Efforts such as those by Viola and Jones and others spurred on the development of many popular algorithms including Haar Cascades, SIFT, SURF, HOG and others. Many of which found their way into OpenCV in the form of reference implementations that became the defacto basis methods used for Object Detection applications for a while.

Deep Learning began to blossom in the early 2010’s and in the last decade we have seen Deep Learning enable more accurate and sometimes unbelievable results starting with Image Classification and then progressing on to Object Detection and beyond. Much like with the earlier approaches there were particular algorithms or more specifically in the case of Deep Learning, Model Architectures that became popular in the field of Deep Learning based Object Detection.

There are numerous options but if you have done exploration of the topic you may have heard of or even used the likes of You Only Look Once (YOLO) or the variants of Region Based Convolutional Neural Networks (R-CNN’s).

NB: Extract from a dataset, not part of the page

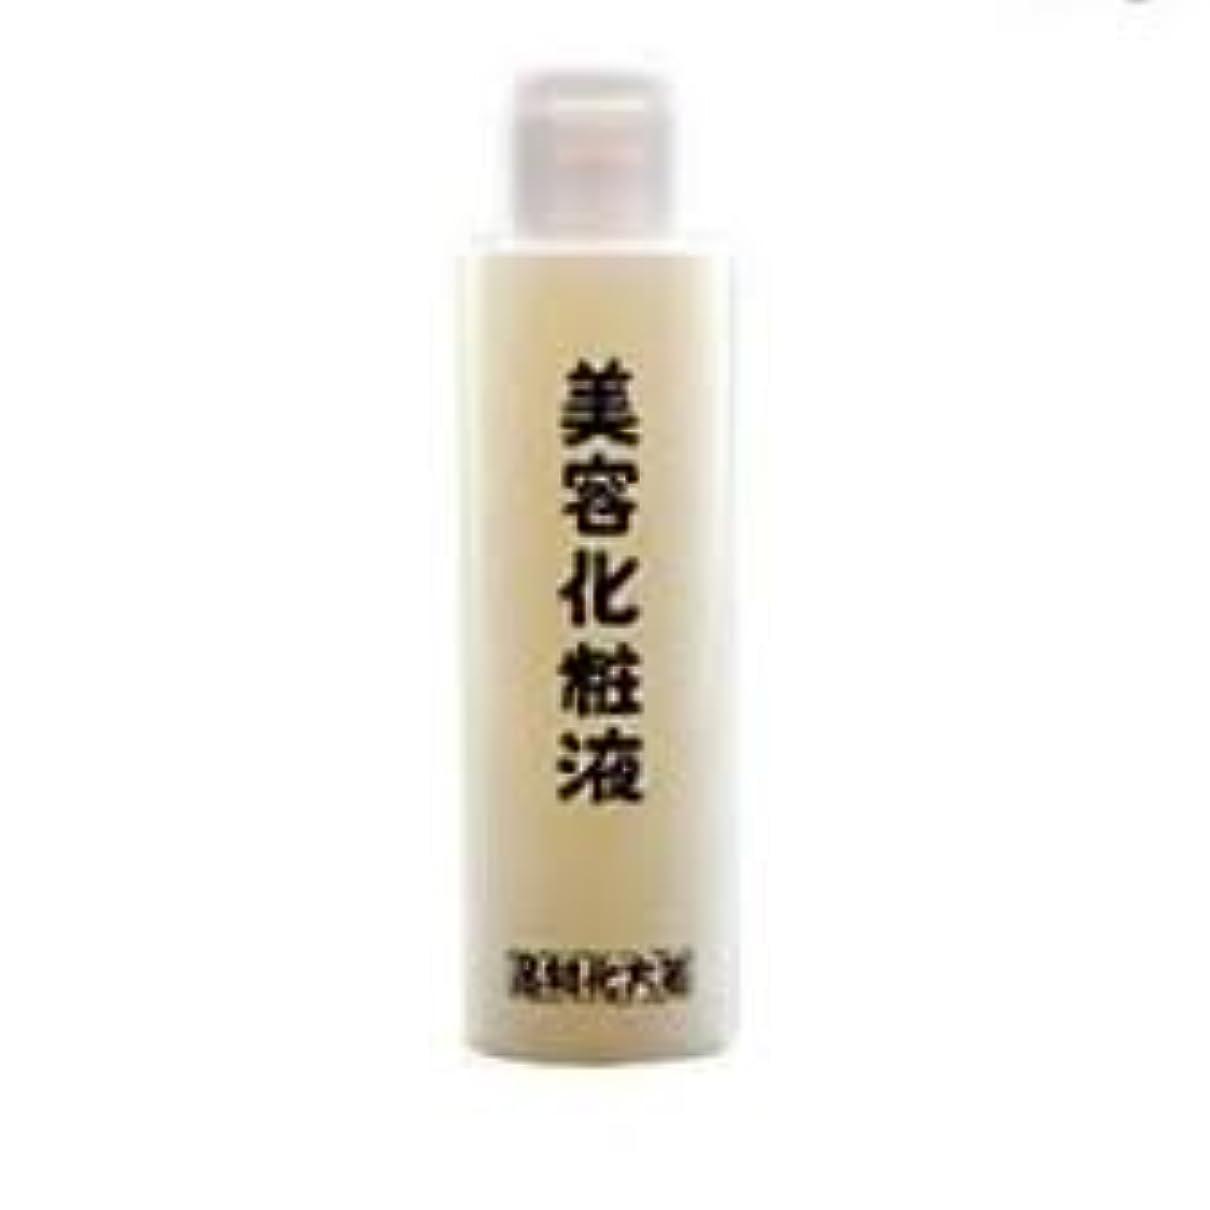 楽しい巻き取りチューインガム箸方化粧品 美容化粧液 化粧水 120ml はしかた化粧品

You would most likely also have come across Single Shot Detector (SSD) and architectures such as MobileNet and ResNet amongst others.

All of these approaches rely on Convolutional Neural Networks which are computationally very expensive and require accelerated hardware to implement any kind of real time usage. If you have any experience working with Object Detection, the thought of running real time object detection on an embedded system specifically a microcontroller may seem implausible.

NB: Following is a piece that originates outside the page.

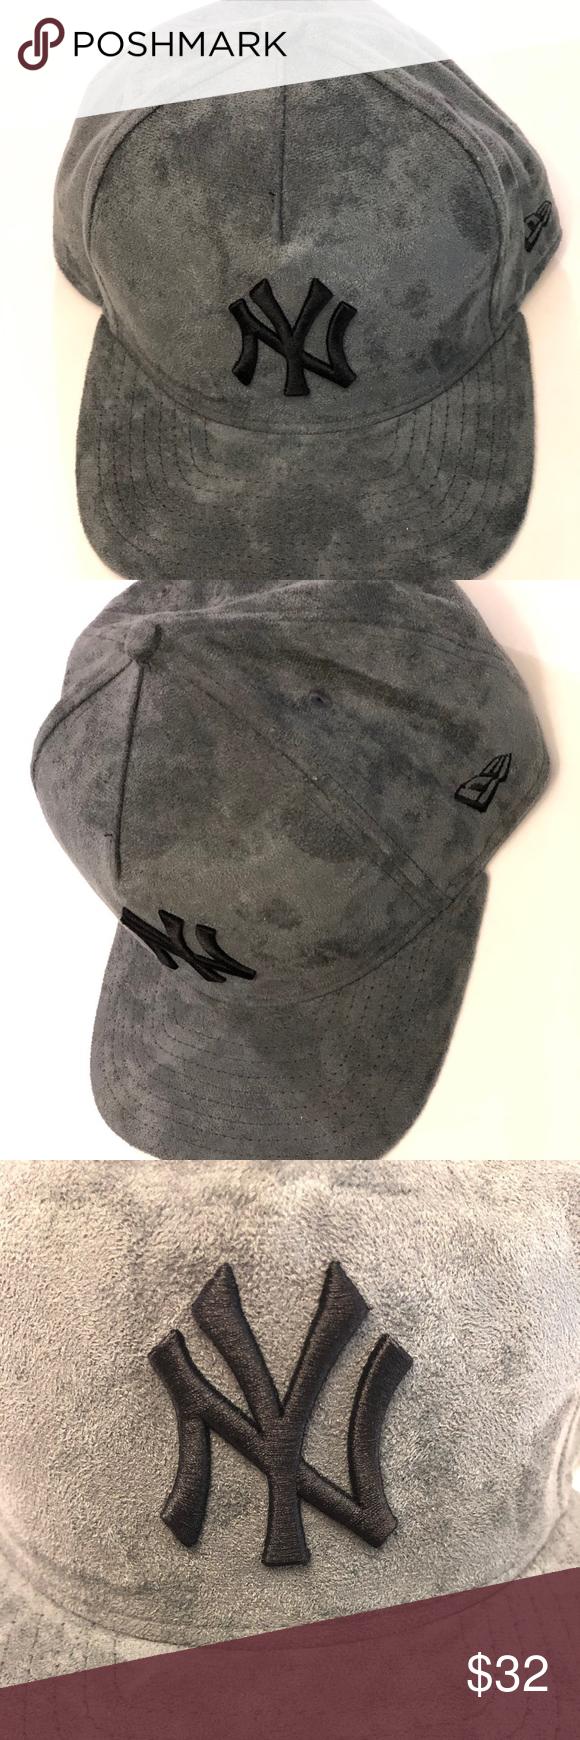 New York Yankees Dark Gray Suede Gray Faux Patent New Era Original Fit Snapback

A clear distinction needs to be made at this point between a microcontroller and an Edge Device or Single Board Computer such as a Raspberry Pi , Jetson Nano or Google Coral. These types of devices are more capable Edge Devices and have acceleration and larger amounts of memory (Gigabytes) making it possible to run Object Detection inference and even training directly on these systems. Microcontrollers on the other hand are constrained and only have at most a few kilobytes to a few megabytes of memory and usually no operating system. Microcontrollers are the domain of tinyML.

tinyML has brought the world the possibility of running Deep Learning directly on constrained microcontrollers, something that in itself seems as unbelievable as it is real. tinyML has shown that its possible to do a lot of DL from signals directly on the devices that detect them. In terms of Computer Vision, image classification has been possible using tinyML while it has not been feasible to easily run algorithms for full robust multi object detection in real time on microcontrollers. All of that changes now with FOMO.

Edge Impulse has launched Faster Objects More Objects aka FOMO, more just a new feature. Remember that name because it will come to be known as the goto approach for doing Object Detection on MCU’s.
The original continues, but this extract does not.